That silenced Soobin. "I'm not weak," he uttered. The worst part was that he wasn't certain of it. He never did heavy lifting or demanding tasks, which seemed to be a quotidian matter for Yeonjun.
"I know," he heard the other boy reply after a prolonged quietness.
***
The river was crystal and satin, speckled with golden light drops like a leopard's coat. The light reflected stung Soobin's eyes—they were far better suited for darkness and shadows, and he didn't mind the shimmering starlight, but there was a reason why he worked in the obscurity of the night and not in broad sunlight. It was too much.
He didn't tell Yeonjun though; he helped him carry the log through the tall grass of the river bank and near the water, where Mr Beaver's barrage started and circled smoothly towards the opposite side, enclosing a deep blue pond.
"Alright, we don't know what might lurk on the bottom, so I say we keep our shoes on," Yeonjun proposed.
"You mean... We'll go into the water?"
Yeonjun blinked and the corners of his mouth perked up. It was frustrating; Soobin could tell he was looking dumber and dumber to him with each passing minute. "We can't just drop the log on the ground," Yeonjun explained, "it would be bad manners. You think you can't do it?"
"If you do nothing, there's nothing you can do wrong."
"There is nothing you can do wrong," Yeonjun said, smiling wider now. "You can just stay here if you want to. But it's much cooler in the water. In both senses, I guess."
In the end, Soobin walked into the water. It was indeed a welcome cooling down. They navigated with a bit of difficulty, but after a dozen or so careful steps, they reached the door to Mr Beaver's tiny house made out of branches.
"Delivery for Mr Beaver!" Yeonjun announced brightly.
The door opened as if on cue and Mr Beaver peeked outside, whiskers quivering as he studied the log that extended from Yeonjun's shoulder to Soobin's.
"Is it good?"
Mr Beaver blinked and motioned towards the pond.
"Uh..."
"He told us to leave it by the edge of the dam right there," Soobin said, jerking his head in the direction he was describing.
Yeonjun pursed his lips.
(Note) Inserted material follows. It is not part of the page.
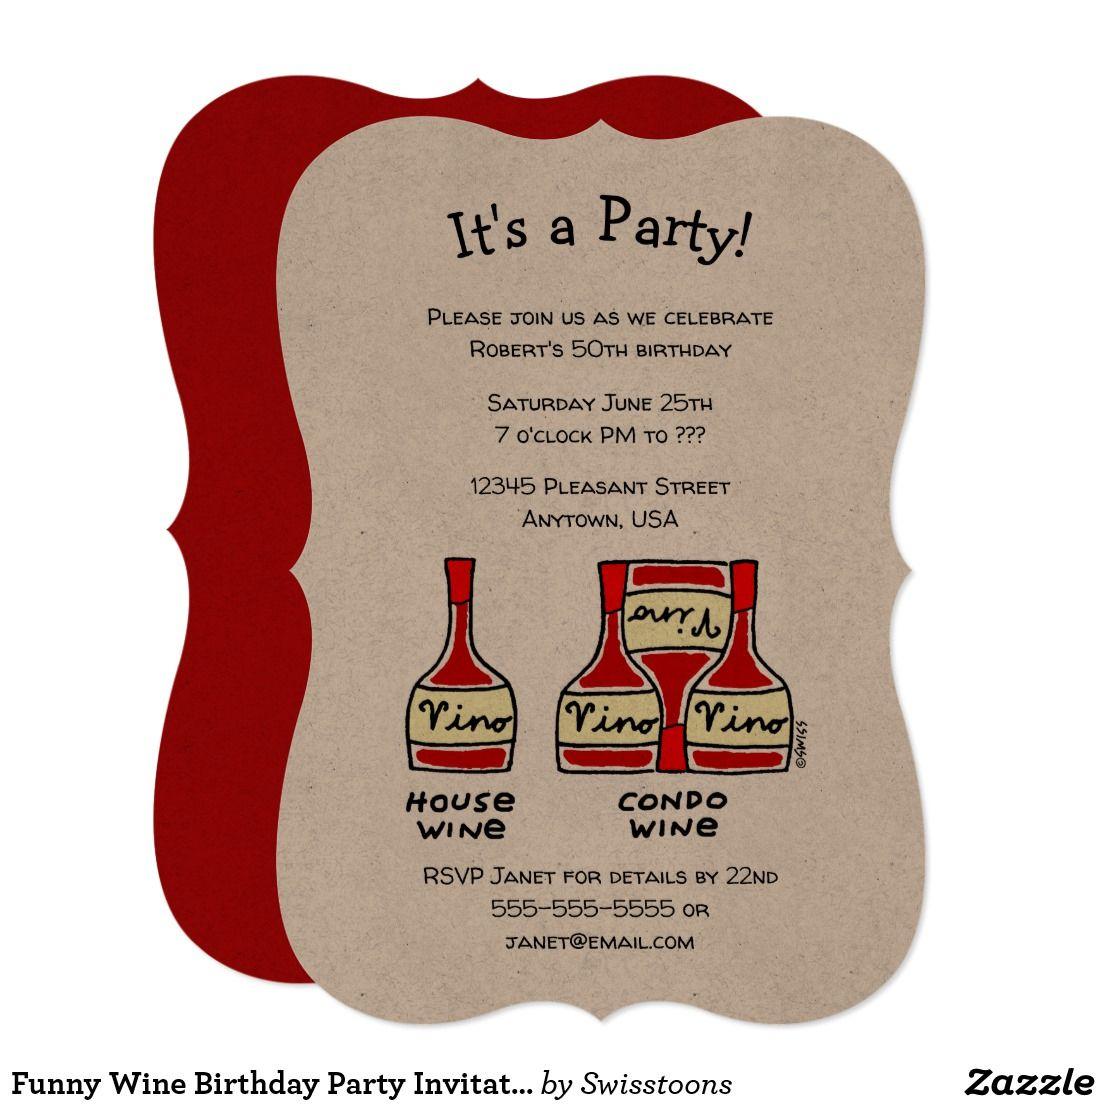 Funny Wine Birthday Party Invitations Zazzle Com Birthday Wine Wine Birthday Party Birthday Party Invitations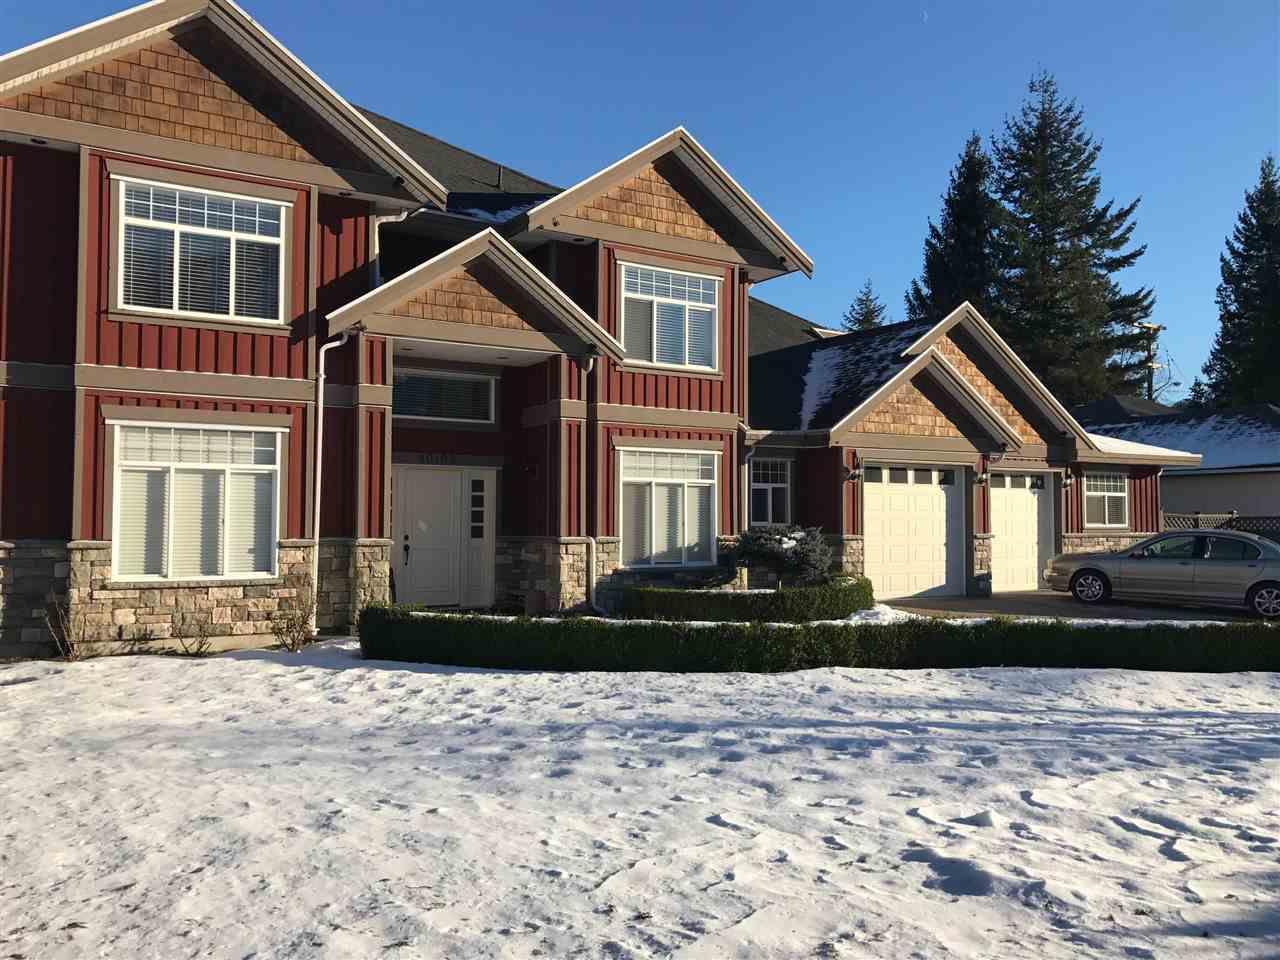 Main Photo: 40102 DIAMOND HEAD ROAD in Squamish: Garibaldi Estates House for sale : MLS®# R2128743

He really should have paid more attention in animal language classes.
It was Soobin who led the way now, which was noticeable: his uncertainty, or maybe excessive prudence, made them advance slowly. But they made it to the juxtaposition between the barrage and the bank, both humans and wood intact.
Almost.
On the very last step, Soobin slipped on a rock and by all means he should have fallen face first into the water; he would've dragged the log down with him too. But Yeonjun held it in place with an impressive reflex, and Soobin ended up simply hanging from the trunk, knees bent as if he was doing a squat rotated by 90 degrees.
"Your trousers are wet now," Yeonjun observed.
Soobin helped put down the log and did not comment on the matter.
"Do you know what's the best thing to do when your clothes are wet?" he later asked Yeonjun, when they were on their way out.
"Given today's weather... just stay outside?"
Instead of replying, Soobin swiftly dipped his arms into the river and sloshed a large amount of water at Yeonjun, who was now dripping from head to—well, calf, since the rest was submerged. His mouth fell open.
"Make them soaking wet," smiled Soobin.
"My clothes weren't even wet!"
"When I said 'your clothes', it was a general 'your'."
Naturally, they descended into a short, but fierce splashing war which lasted until they were back on the river bank. Yeonjun had the final word, being the last one in the water, and hurled a robust wave at Soobin before collapsing onto the grass, breathing hard.
"Gutsy of you," he heaved, "to challenge someone whose duty is to splash water every day."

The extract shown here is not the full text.